< Looney Tunes

Looney Tunes/YMMV


  • Nightmare Fuel: Quite a few shorts have this: "The Big Snooze" being the most blatant. Lampshaded in three Chuck Jones-directed cartoons: "Scaredy Cat," "Claws For Alarm," and "Jumpin' Jupiter", where Porky takes Sylvester to these scary places to sleep for the night, and only Sylvester can see the scary things just about to happen to Porky...
    • "Chow Hound": "And this time, we didn't forget the gravy!"
    • "Porky in Wackyland" can be a little too bizarre for some.
    • Porky In Egypt (1938): In this scene, Porky's camel Humpty Bumpty starts to hallucinate while in the desert heat.
  • Adaptation Displacement: Bob Clampett's adaptation of Dr.

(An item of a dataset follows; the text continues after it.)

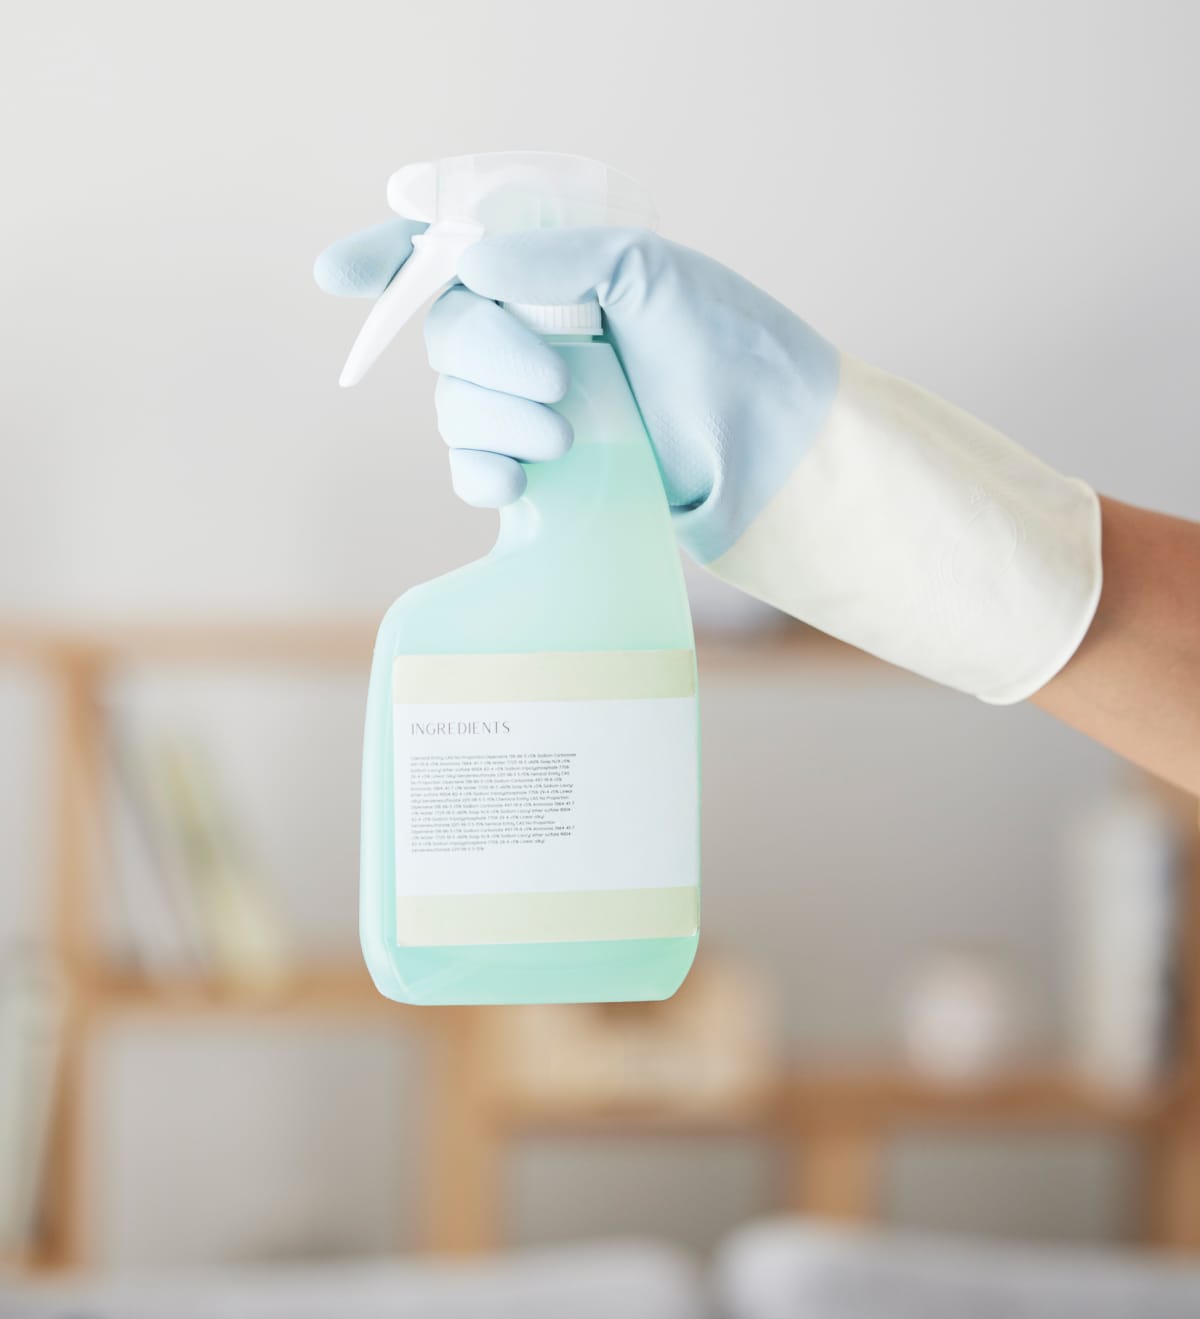 Cleaning, spray bottle and hands of woman in home for bacteria, safety and sanitary. Hygiene, chemicals and housekeeping service with cleaner and disinfection product for germs, dirt and domestic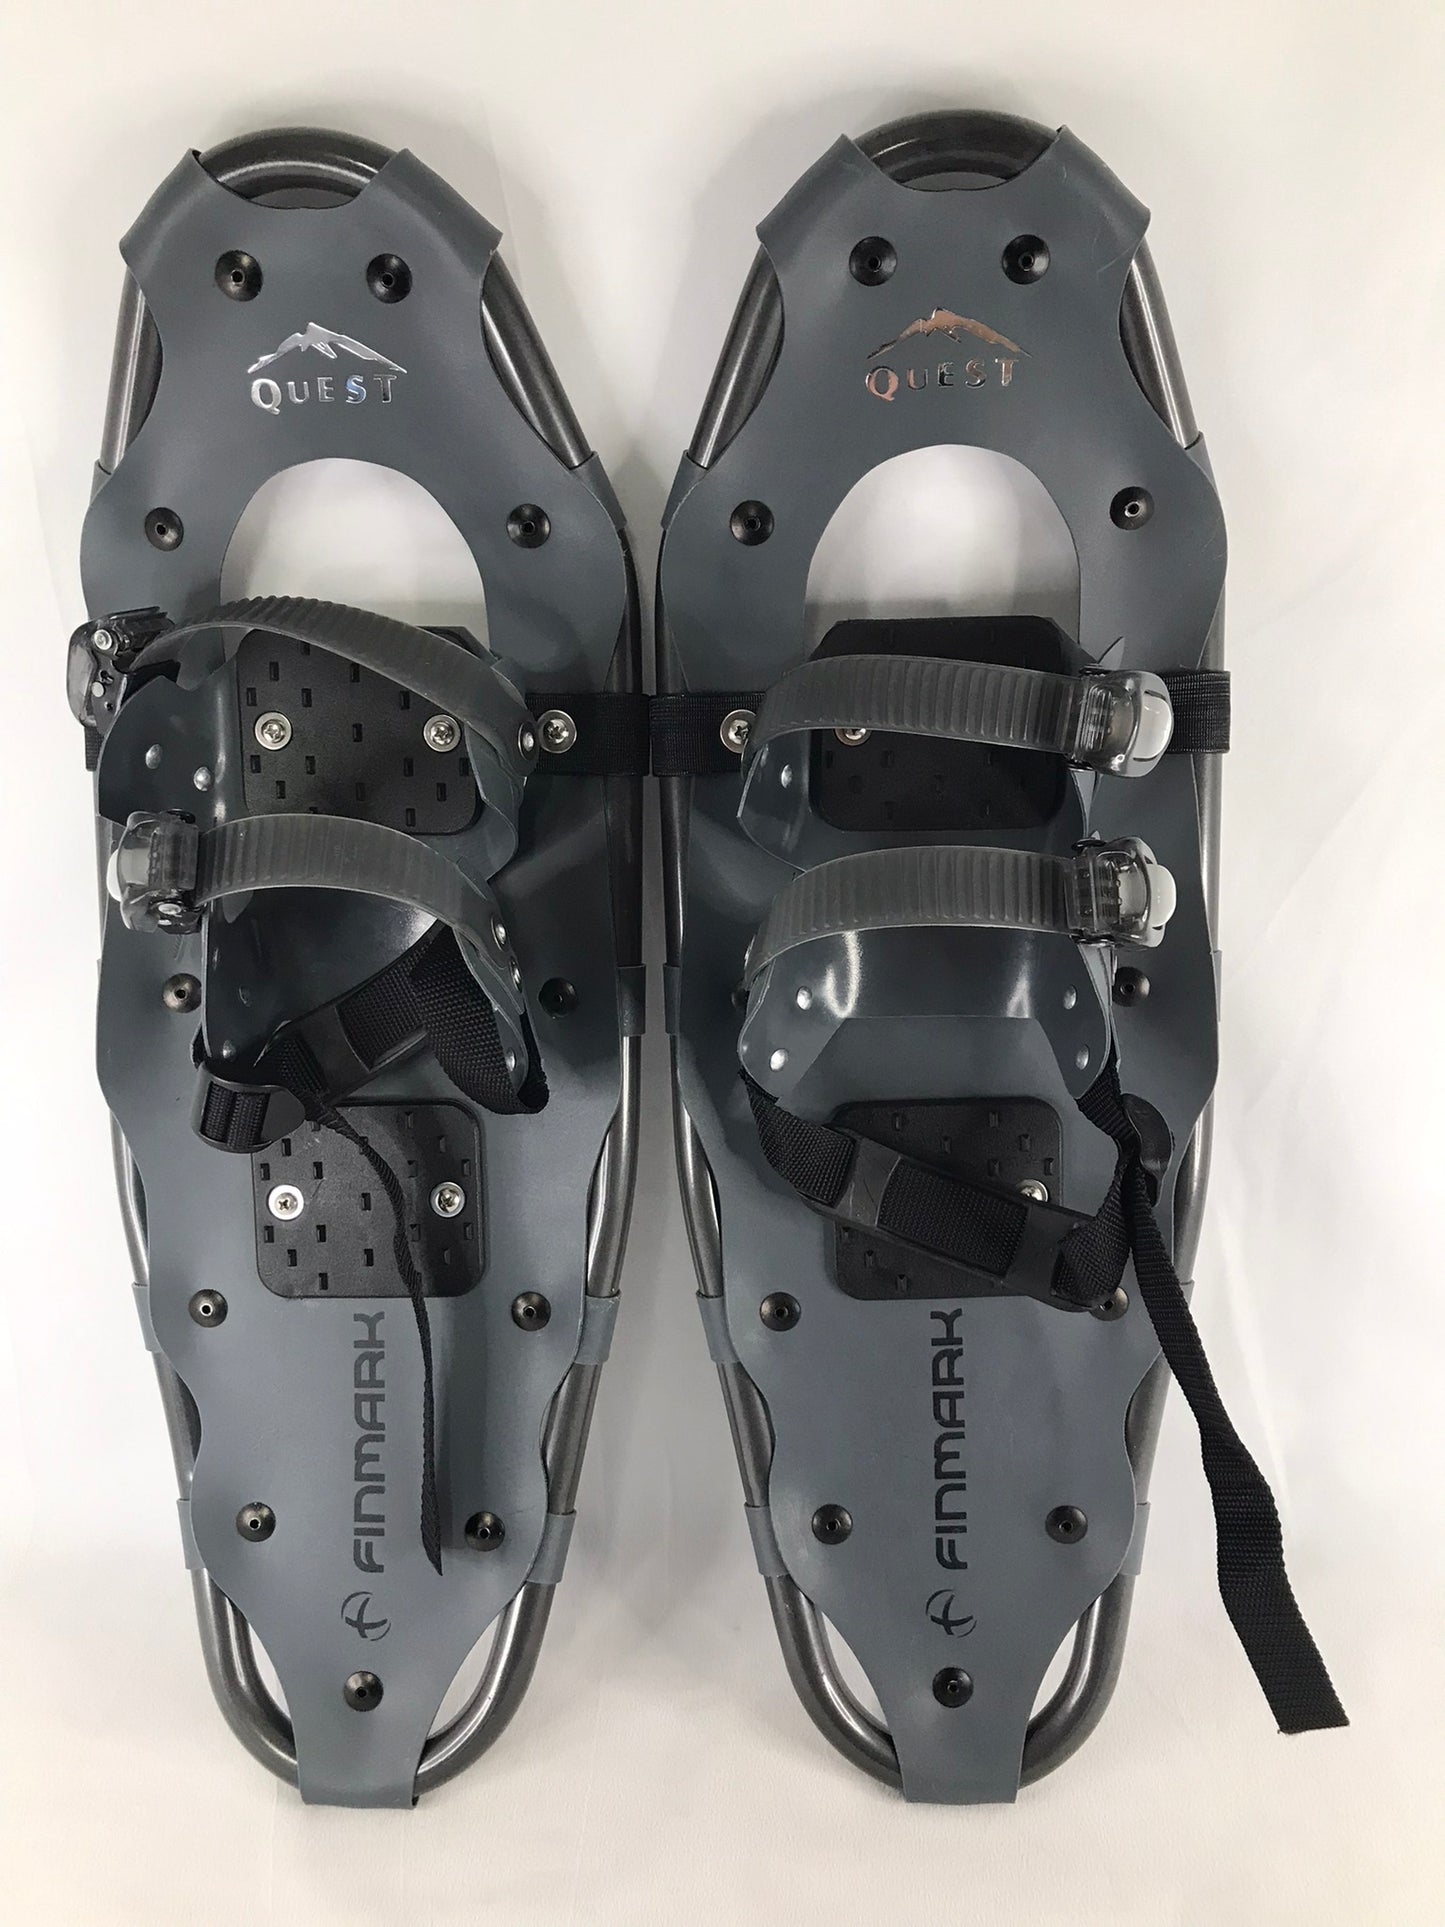 Snowshoes Adult Size 25 inch Up To 175 Lb Quest Grey New Demo Model

Seuss' Horton Hatches the Egg (1942) used the book itself as a storyboard with additional gag ideas (and Horton's "Hut-Sut" song) written in.
  • Alternate Character Interpretation: It's been debated that Elmer Fudd in "Hare Brush" was faking insanity and pretending to be a rabbit so he wouldn't get busted by the feds for tax evasion. This is further evidenced by Elmer's final line, after Bugs (in Elmer's clothes) is hauled off to jail: "I may be a screwy rabbit, but I'm not goin' to Alcatwaz..."
  • Archive Panic: Exactly 1,000 classic-era theatrical shorts, plus the SNAFU shorts and other bits of miscellanea. At least there haven't been new Looney Tunes shorts regularly made since 1969. That would make the series even more grueling to get through.
  • Award Snub: Despite winning seven Oscars, almost no Looney Tunes productions has ever gained an Annie Award, which is an award ceremony exclusively for animation. The biggest letdown would've had to be Looney Tunes: Back in Action losing to a certain CGI talking fish movie.
  • Boring Invincible Hero: Though it's debatable how "'boring" they were, most of the Looney Tunes recurring protaganists (Bugs, Tweety, Speedy, etc.) are often presented as extreme Karmic Tricksters who outsmarted their Rogues Gallery without so much as batting an eyelid, though largely due to the foes they go up against. That said the WB staff did make attempts to balance this at times, Bugs' winning streak was balanced with the odd Butt Monkey role every once in a while, while the De Patie Freleng shorts used a more hapless Speedy.
  • Complete Monster: Lawyer Goodwill from "The Case Of The Stuttering Pig".
    • The trapper from "Porky In The North Woods".
  • Crowning Music of Awesome: "What's Opera, Doc?" and Rabbit Of Seville
    • If most of Carl Stalling and Milt Franklyn's scores don't count as CMOA, I don't know what does!
  • Dork Age: Every cartoon produced in the 1960s after the WB animation studio initially closed its doors.
    • And some of the cartoons made after Mel Blanc died and other voice actors were hired to replace him (that includes the TV shows like Baby Looney Tunes, Loonatics Unleashed, and The Looney Tunes Show), like Greg Burson, Billy West, Jeff Bergman, Tom Kenny, etc.
    • Arguably this could include the batch of 75 black-and-white Looney Tunes that were previously part of the Sunset Films/Guild Films packages which WB had sent to Korea in 1967 to be redrawn and painted in color. The trace jobs were sloppy, color schemes were off key and synchronization faltered in spots.
  • Ensemble Darkhorse: Michigan J. Frog
    • Also Pepé Le Pew has become this in recent years, most likely due to Moral Guardians accusing the cartoons of advocating sexual harassment and Dave Chappelle's stand-up comedy piece about how watching your favorite childhood shows as an adult lose their charm when you discover the perverted side to them.
    • Daffy Duck, Bugs Bunny, Tweety, the Roadrunner... hell, any major character that wasn't in the lineup from the beginning.
    • Marvin The Martian, for generally being a (semi)competent villain, having a hilarious voice, and actually succeeding a couple times became pretty popular.
  • Fetish Fuel: Thanks to Values Dissonance, a lot of the crossdressing, male-on-male kissing, and just the Pepé Le Pew cartoons in general can be misconstrued as this. See the Fetish Fuel page for the proof.
  • Foe Yay: Bugs and Elmer (i.e., Rabbit of Seville, Bugs' Bonnets, What's Opera, Doc?), Bugs and Yosemite Sam (i.e., Hare Trimmed) ... Bugs and most of his adversaries at some point, really.
    • Daffy and Porky:

Daffy Duck:: Have you got a marriage license?
Porky Pig:: G-g-gosh no, I'm not married.
Daffy Duck:: Aha! Not married eh? Well -- *jumps into Porky's arms* -- whaddya say you and me go steady?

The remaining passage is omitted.